*DESCRIPTION OF THE TASK*.
Copy the data below exactly. Any pictures in it should be omitted.

*SOURCE DATA*.
========
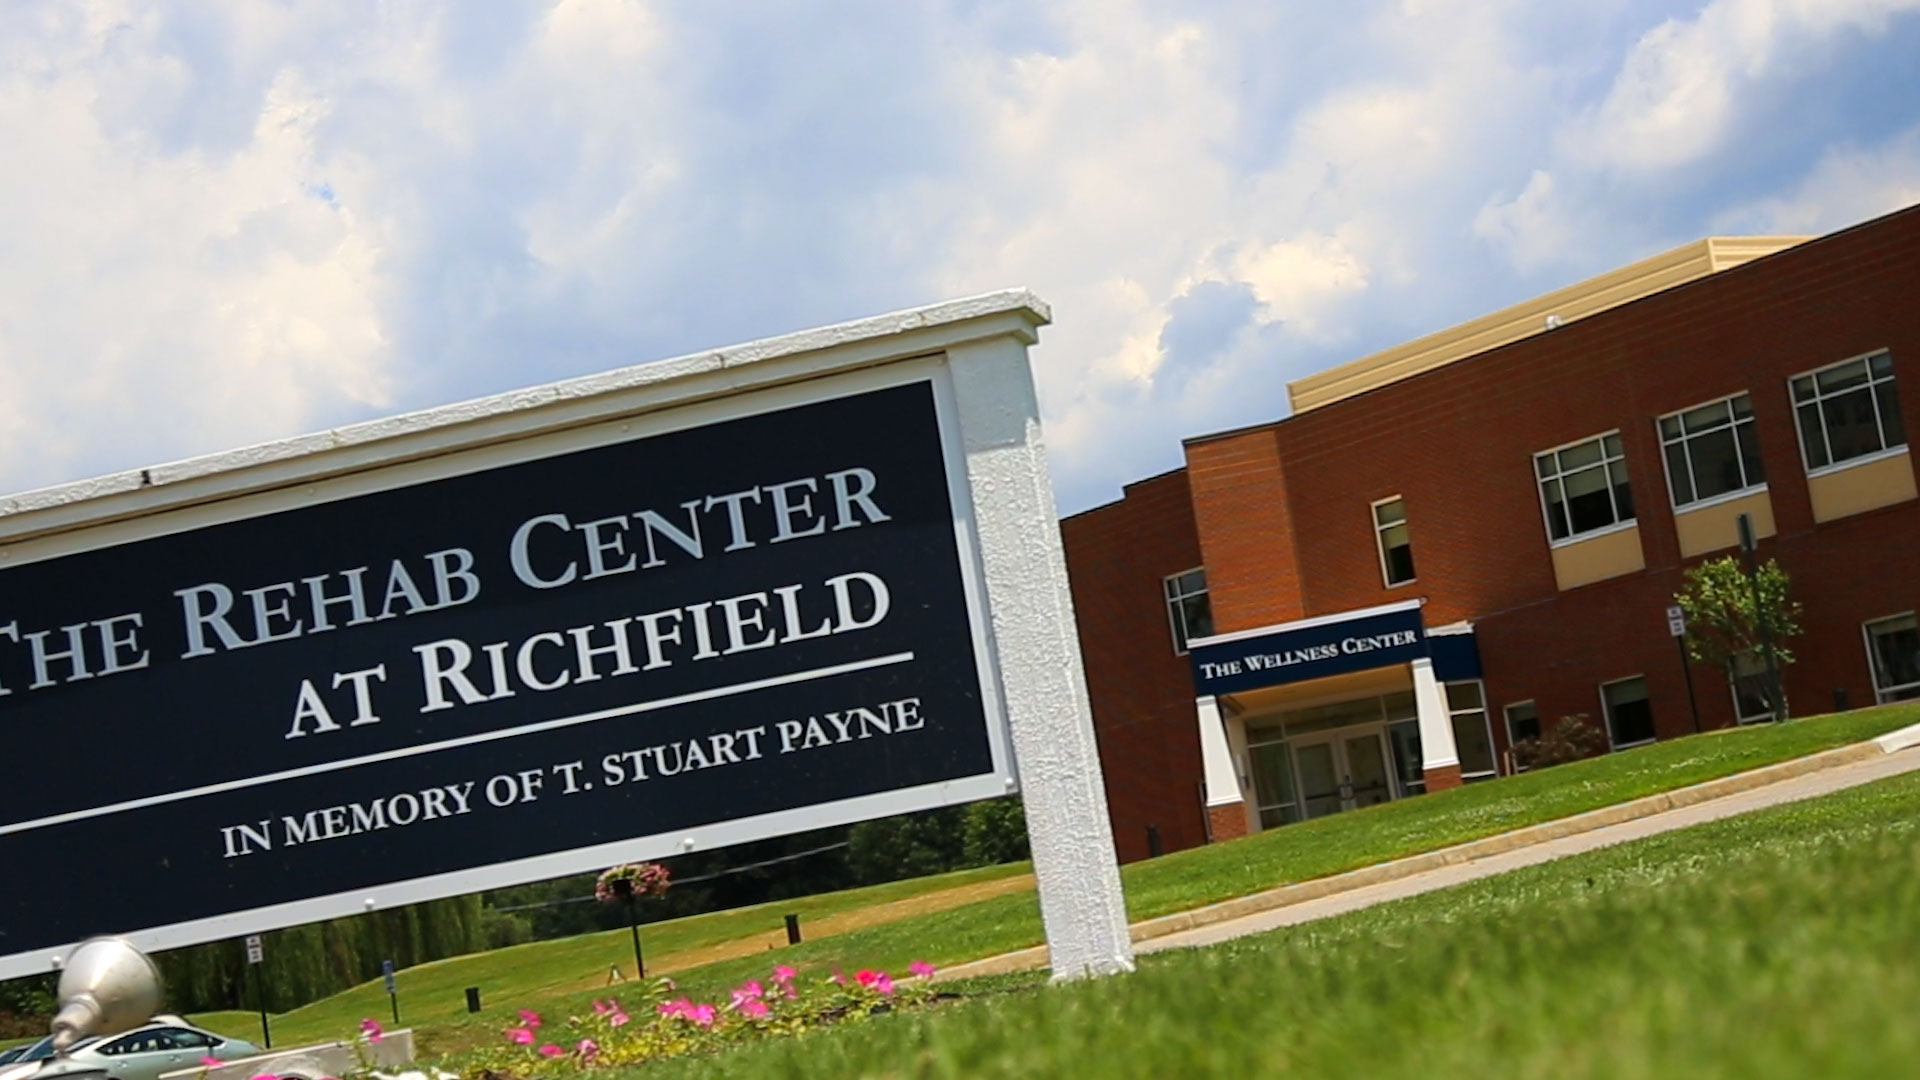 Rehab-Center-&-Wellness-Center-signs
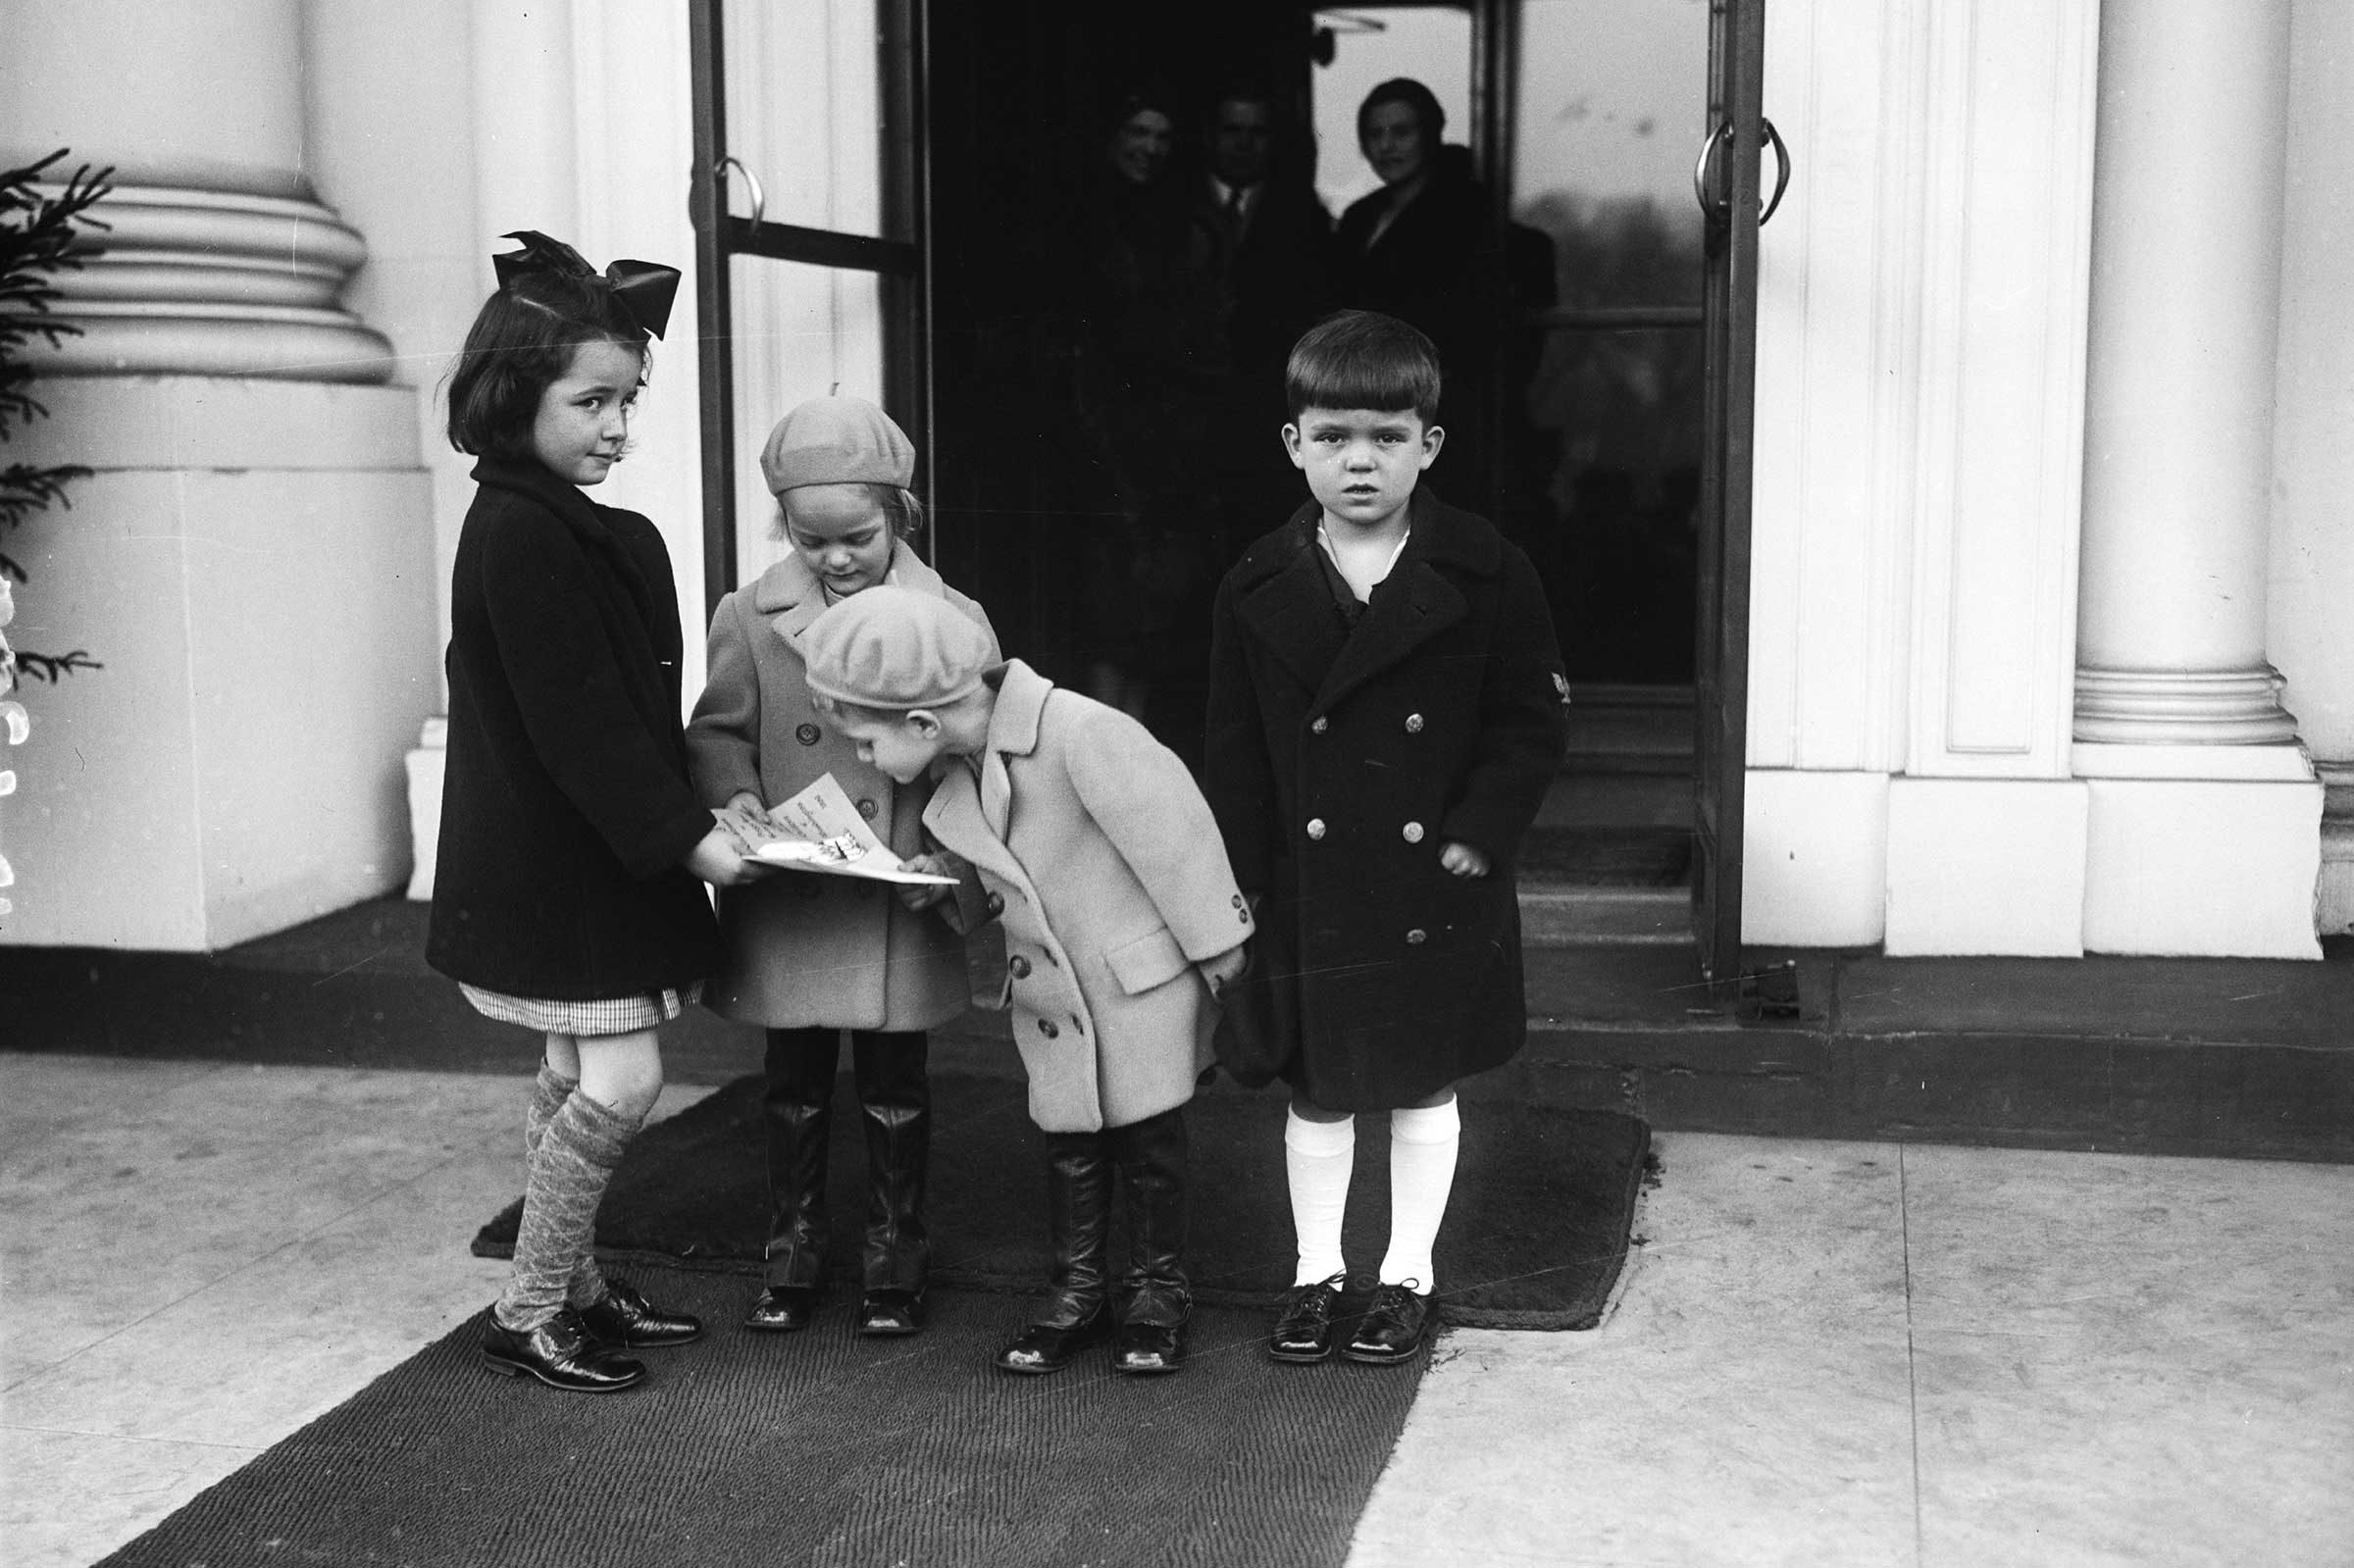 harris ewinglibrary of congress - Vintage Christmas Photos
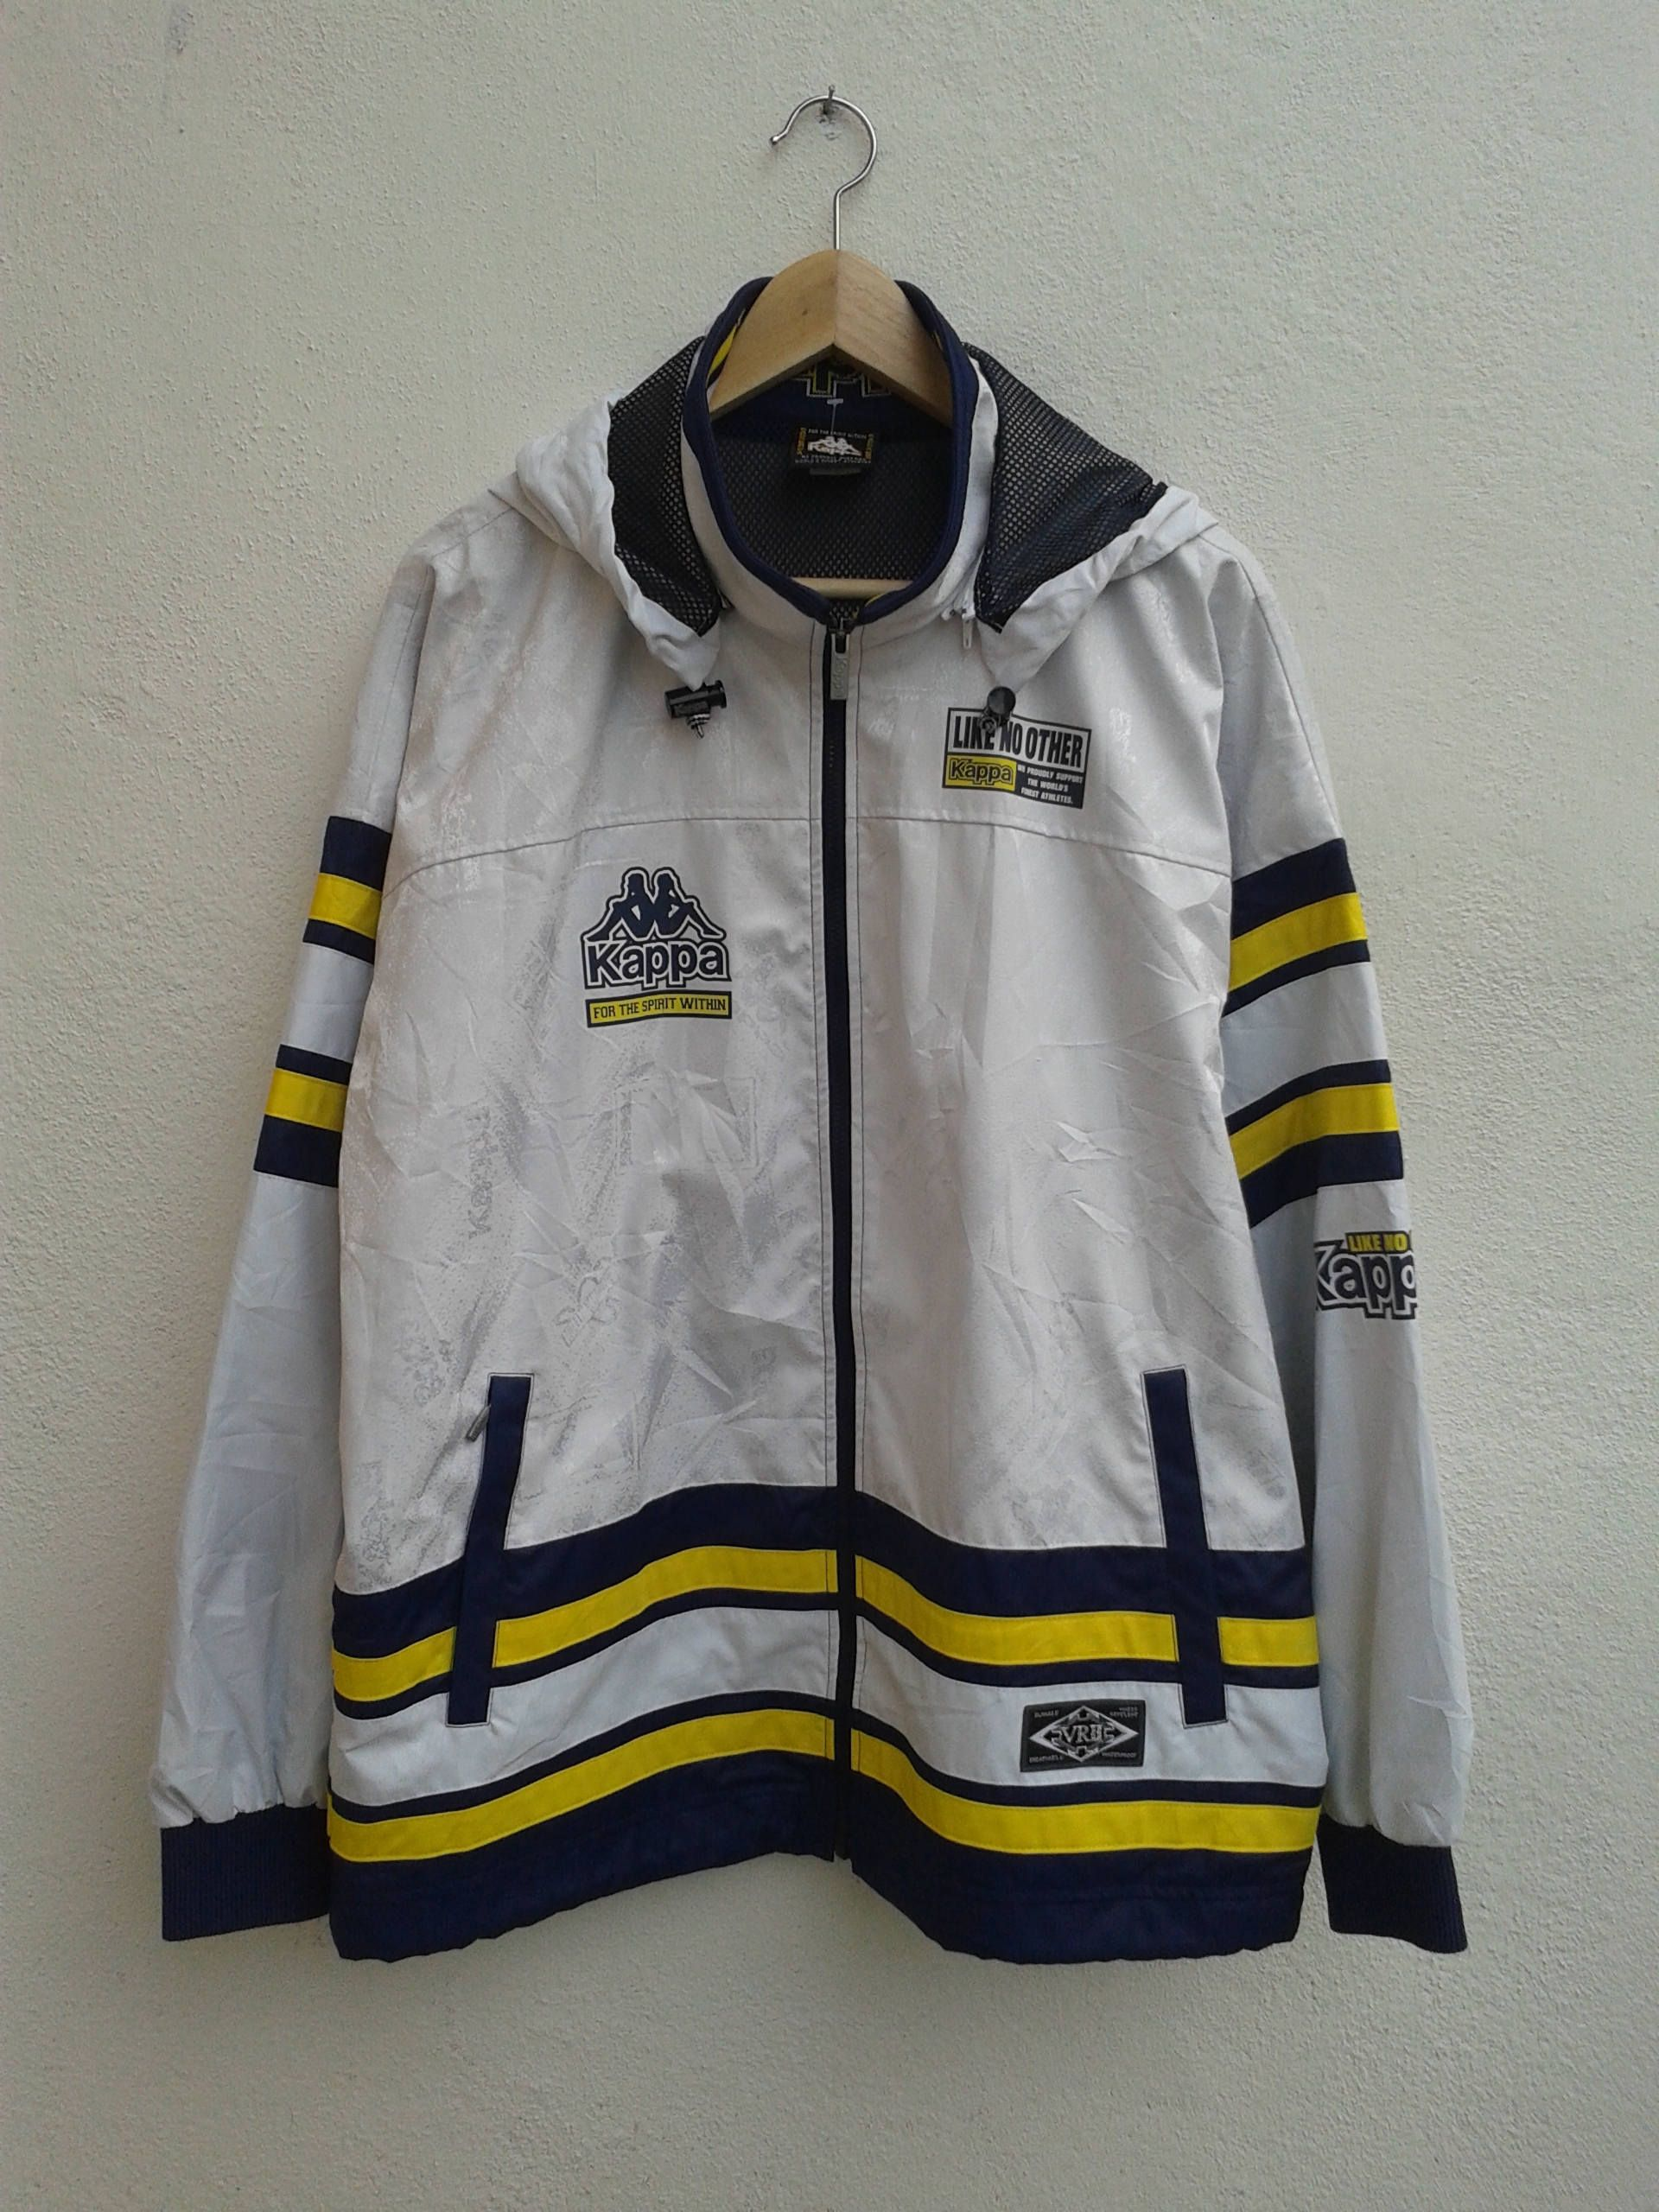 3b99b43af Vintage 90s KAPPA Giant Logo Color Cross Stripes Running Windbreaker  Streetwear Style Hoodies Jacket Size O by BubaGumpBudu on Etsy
========
*SOLVED EXERCISE*.
 Rehab-Center-&-Wellness-Center-signs
 harris ewinglibrary of congress - Vintage Christmas Photos
 3b99b43af Vintage 90s KAPPA Giant Logo Color Cross Stripes Running Windbreaker  Streetwear Style Hoodies Jacket Size O by BubaGumpBudu on Etsy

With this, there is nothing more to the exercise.